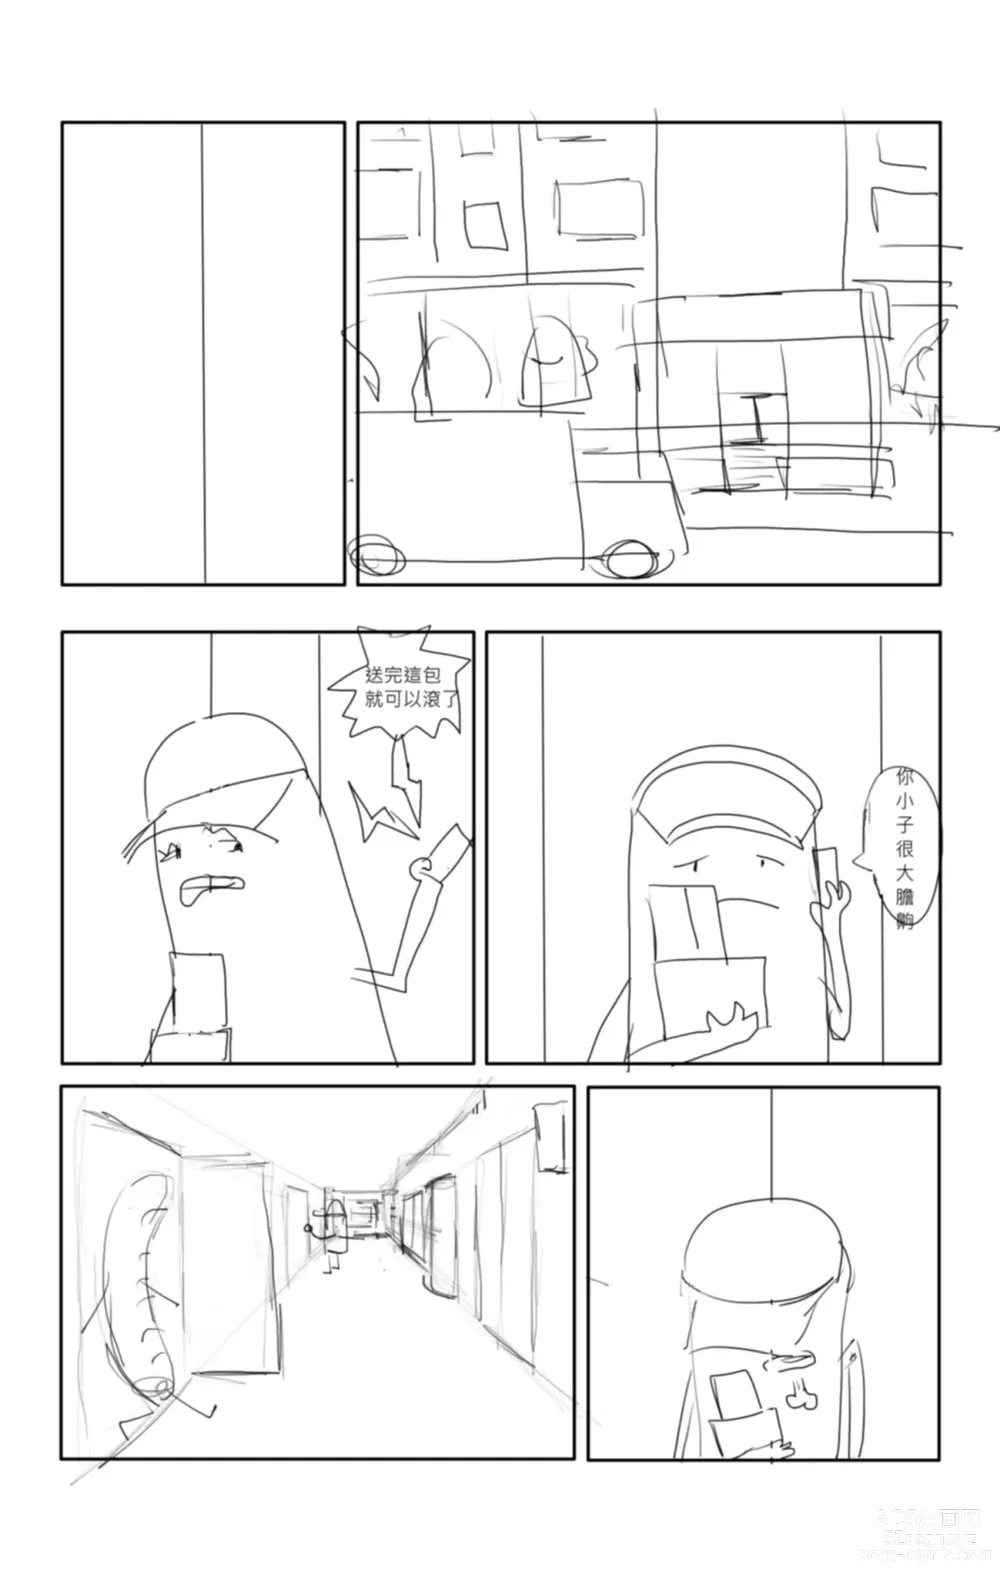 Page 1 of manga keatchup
* * *
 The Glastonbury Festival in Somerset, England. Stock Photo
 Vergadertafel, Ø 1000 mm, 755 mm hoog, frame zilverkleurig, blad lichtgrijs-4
--
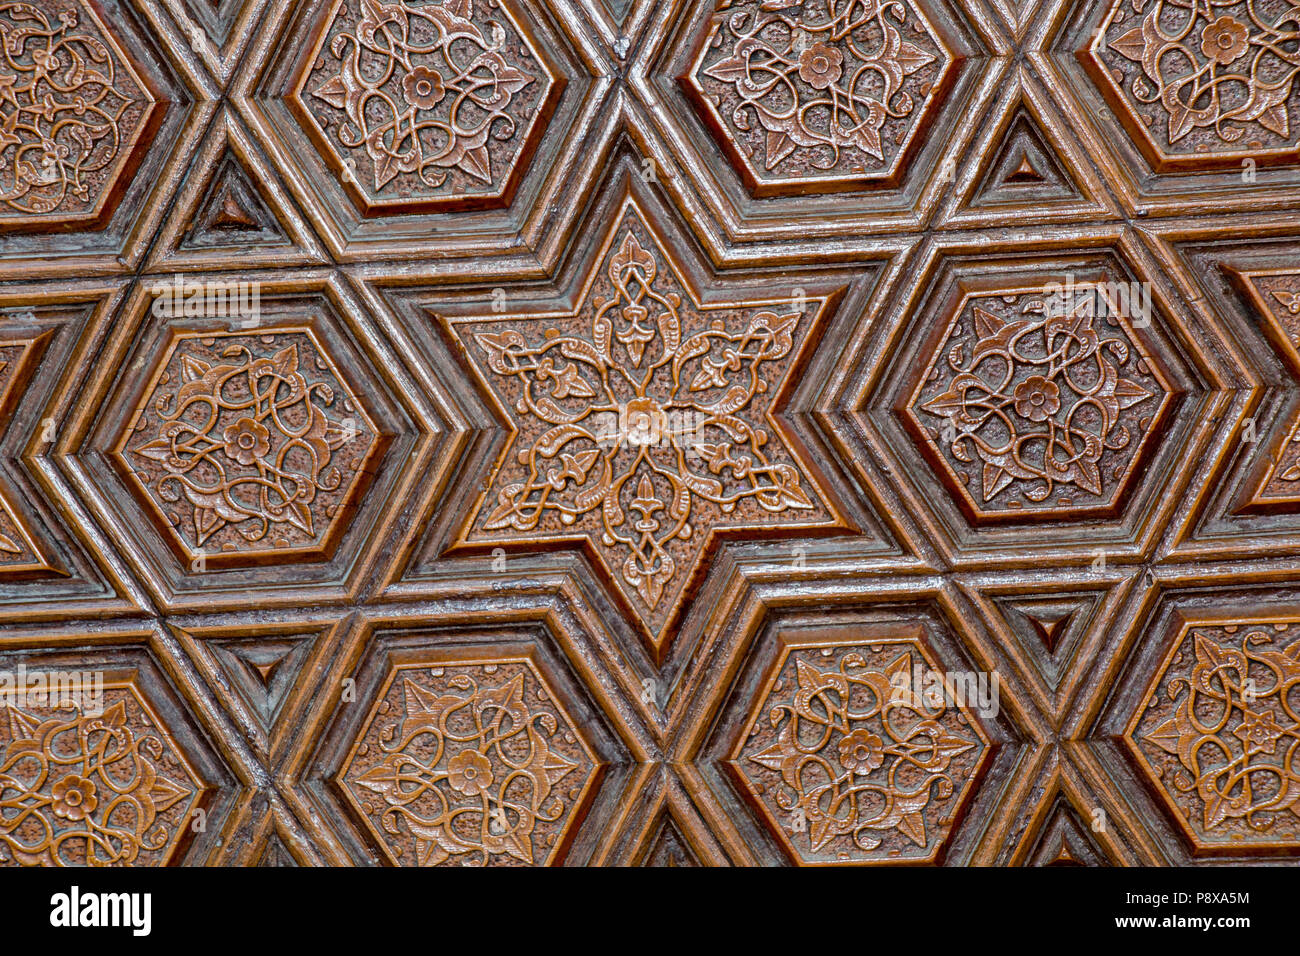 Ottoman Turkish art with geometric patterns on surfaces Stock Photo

● **YOUR ASSIGNMENT**
In the listing above, transcribe exactly everything from the line containing "The Glastonbury Festival" down to the line containing "Vergadertafel, Ø 1000", including both and nothing more.

● **COMPLETED EXERCISE**
 The Glastonbury Festival in Somerset, England. Stock Photo
 Vergadertafel, Ø 1000 mm, 755 mm hoog, frame zilverkleurig, blad lichtgrijs-4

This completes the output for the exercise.